JOSEPH HENRY AND MICHAEL MALINKY, PLAINTIFFS-APPELLANTS,
v.
U.S. TRUST COMPANY OF CALIFORNIA, N.A., DEFENDANT-APPELLEE, CHAMPLAIN ENTERPRISES, INC., DOING BUSINESS AS COMMUTAIR, ANTHONY VON ELBE, JOHN ARTHUR SULLIVAN JR., ERNEST JAMES DROLLETTE, ANDREW PRICE, WILLIAM L. OWENS, CHAMPLAIN AIR, INC., DEFENDANTS.



SYLLABUS BY THE COURT

Appeal from a judgment of the United States District Court for the Northern District of New York (David N. Hurd, Judge), dismissing appellants' complaint of alleged violations of the Employee Retirement Income Security Act. The court held that appellants suffered no damages even if violations did occur.
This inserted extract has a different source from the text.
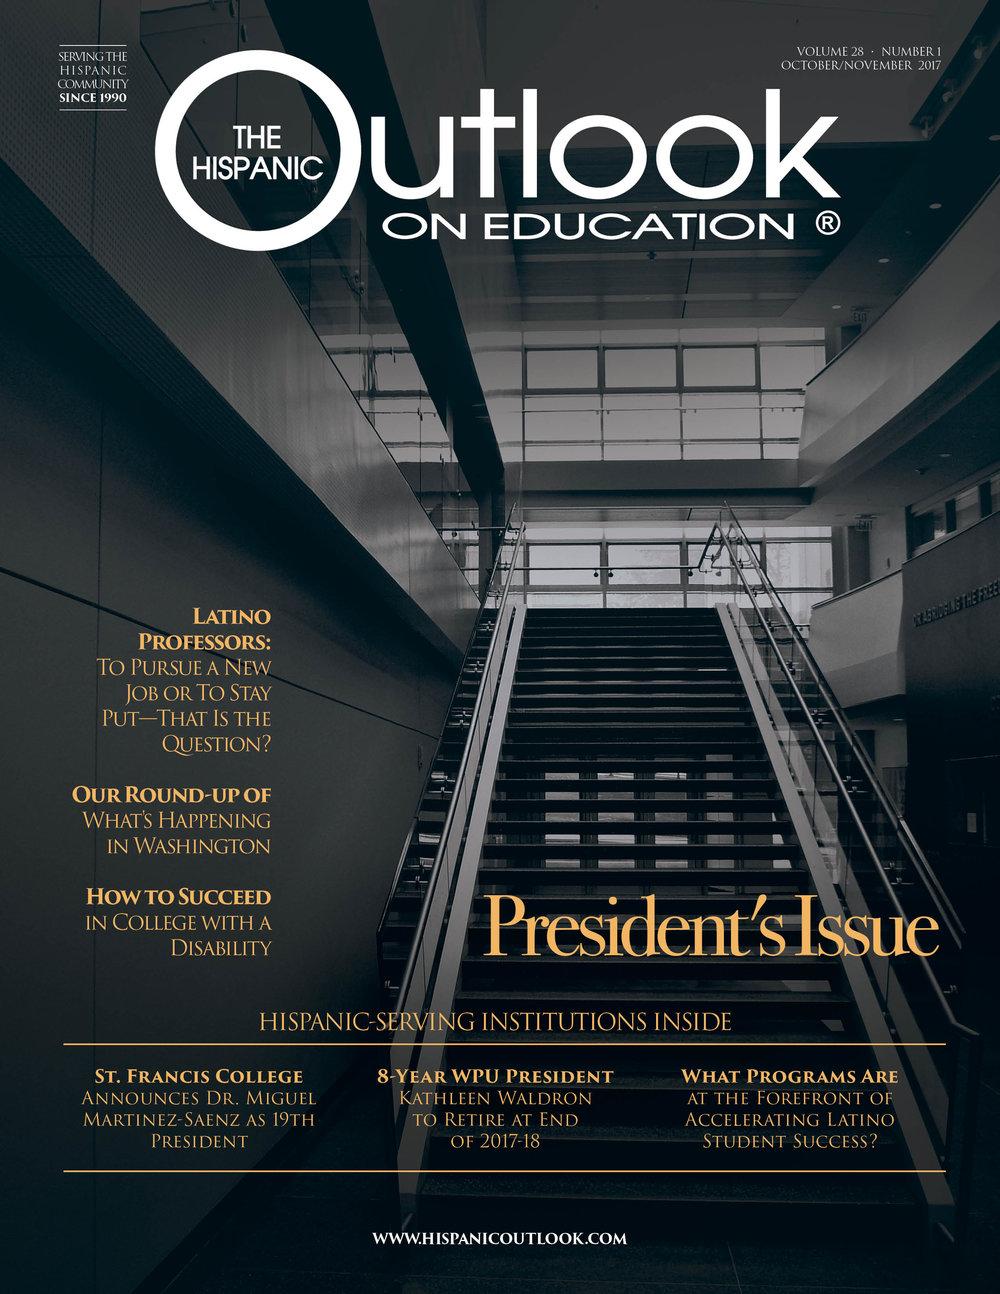 PRESIDENT'S ISSUE 2017

We hold that when an Employee Stock Ownership Plan incurs debt to finance a purchase of shares of stock and then later sells the shares in exchange for cancellation of some of that debt, the debt cancellation in the second transaction should not be construed as having reduced the purchase price paid in the first transaction. We therefore vacate and remand to the district court.

The opinion of the court was delivered by: Winter, Circuit Judge

Argued: October 21, 2008

Before: FEINBERG, WINTER, and POOLER, Circuit Judges.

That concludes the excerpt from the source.